En discutant avec ses collègues concernés, Jocelyn Bertrand découvre qu’ils partagent tous cette même situation : pour une ou deux bêtes positives, tous ont perdu la totalité de leur cheptel. « Cette situation est démesurée. On aurait eu 20 ou 30 vaches positives, on aurait compris qu’il faille tuer toutes les vaches. Mais une ou deux… C’est démesuré ! » « Aucune analyse n’est fiable à 100 % » atteste la vétérinaire Coralie Amar. « Il peut y avoir des faux positifs : des animaux réagissent alors qu’ils ne sont pas atteints. Si l’animal réagit, c’est parfois parce qu’il a déjà rencontré le germe mais pas celui de la tuberculose bovine. S’il y a bactérie, il n’y a pas forcément maladie. »

Repartir à zéro

Jocelyn Bertrand est contraint d’effectuer un vide-sanitaire, de tout désinfecter pendant plusieurs mois, avant de racheter des animaux grâce aux indemnités données par l’État. « C’était impossible de retrouver un cheptel, en bio, venant d’une même ferme », souligne-t-il. L’éleveur parcourt la France pour acheter progressivement 260 vaches venant de neuf exploitations, principalement au sud de la Loire, qu’il teste pour vérifier qu’elles ne portent pas de maladies susceptibles de contaminer les autres.

Les nouvelles bêtes ne sont pas habituées au climat et à l’herbe de la Normandie.

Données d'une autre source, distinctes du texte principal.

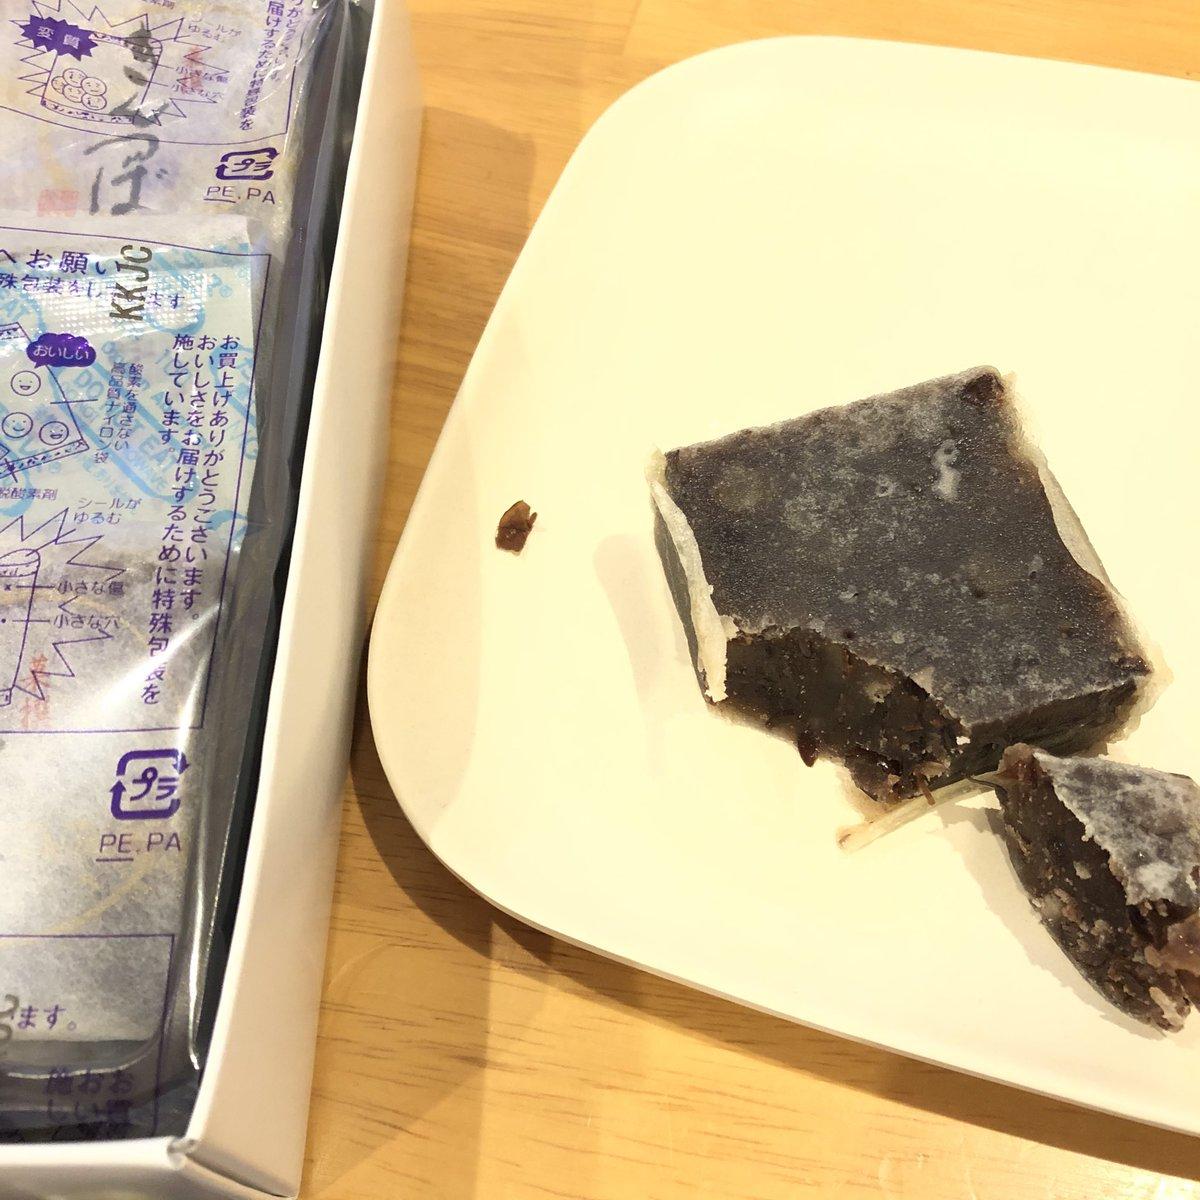 test ツイッターメディア - 朝食は石川土産のきんつば パピピが富山のSAで買ってるから有名な中田屋などはなかったけど後々の味比べとして買ってきて貰った  ワイ初めてのきんつば  うーん…加工品な味の遠くに小豆の味…🤔 https://t.co/7ufPCKeTF9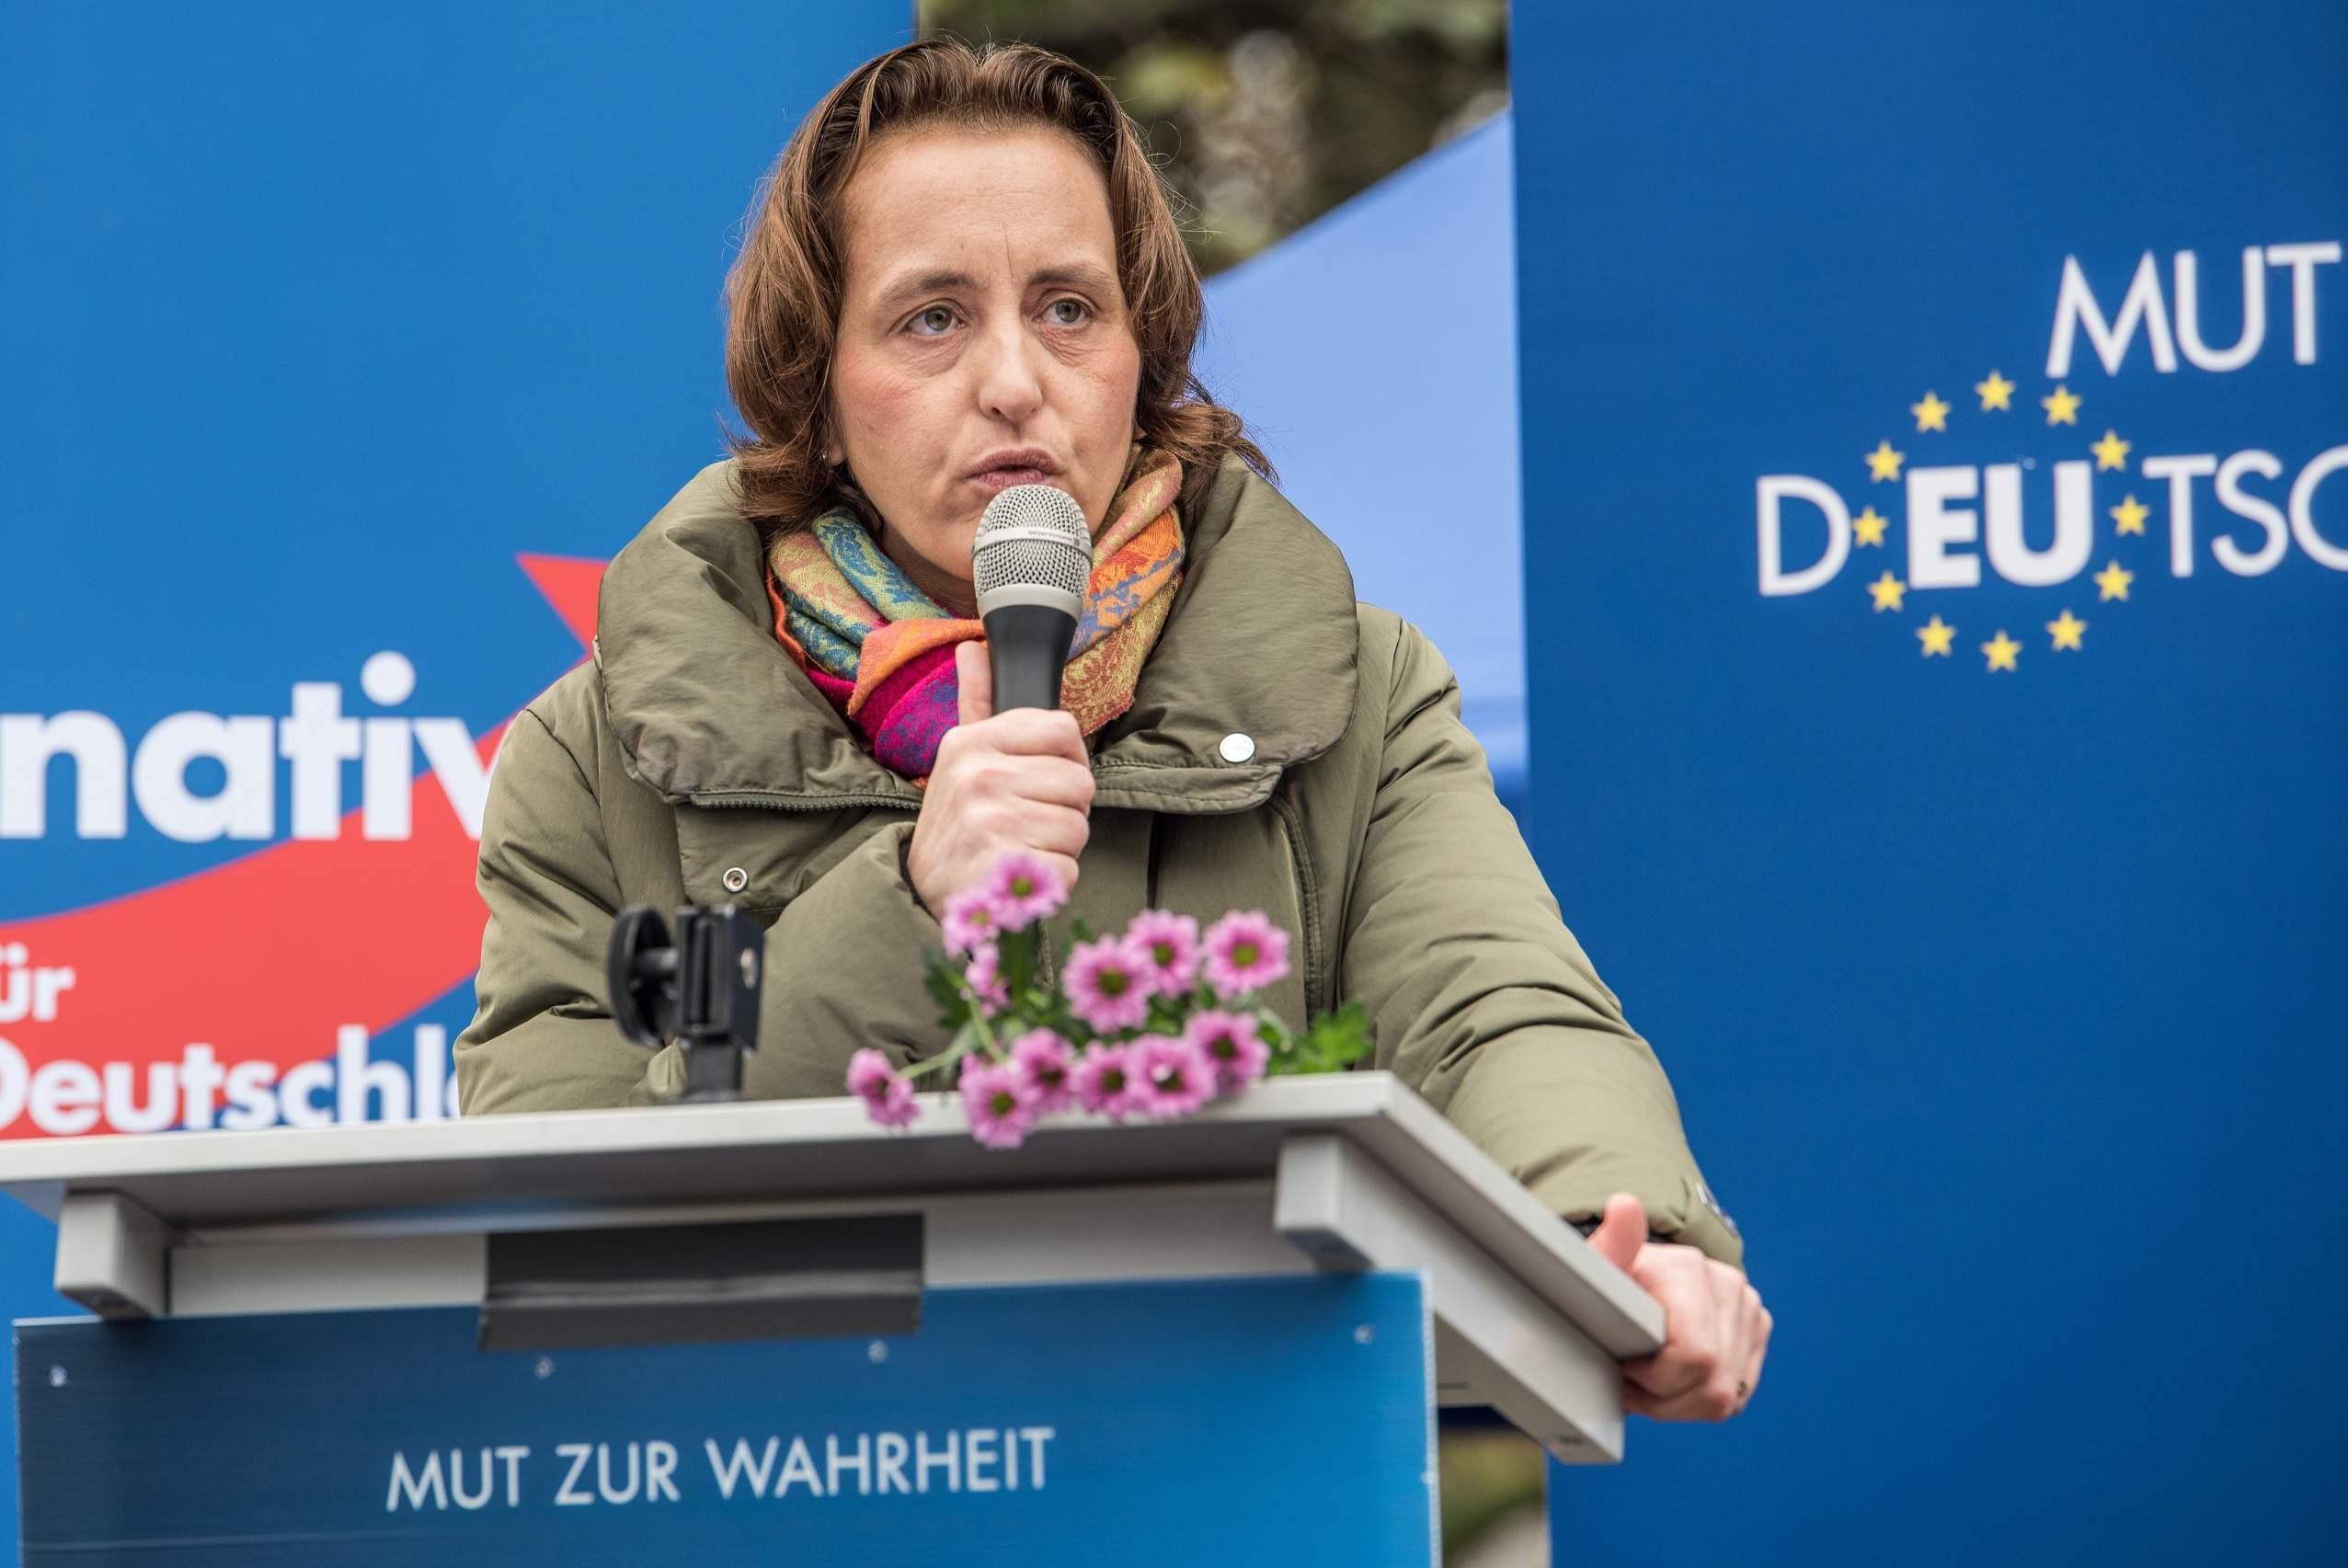 Who is Beatrix von Storch, the far-right German MEP Nigel Farage is speaking alongside tonight?

Des conflits apparaissent entre elles. « La hiérarchie se crée sur une période très longue. Elles se battent pour désigner une patronne. Des bovins peuvent entrer en dépression », relate le paysan. Des vêlages prématurés sont provoqués par les déplacements, des problèmes de délivrance… Des maux bien connus des éleveurs qui travaillent pendant des dizaines d’années pour constituer un cheptel adapté aux conditions de vie locales, réduire les maladies courantes, obtenir une production laitière de qualité, et apprendre à connaître leurs bêtes.

En plus de ce travail fastidieux de reconstitution du cheptel, l’éleveur subit un stress permanent de revivre un abattage total. Parmi ses voisins, certains sont « contaminés » une deuxième puis une troisième fois. Les abattages se poursuivent. Avec toujours le même taux de positivité. Provoquant encore un peu plus la détresse des agriculteurs. « On est en 2025, et il n’existe pas de test qui permette de savoir si un animal est réellement porteur de la bactérie », regrette l’éleveur.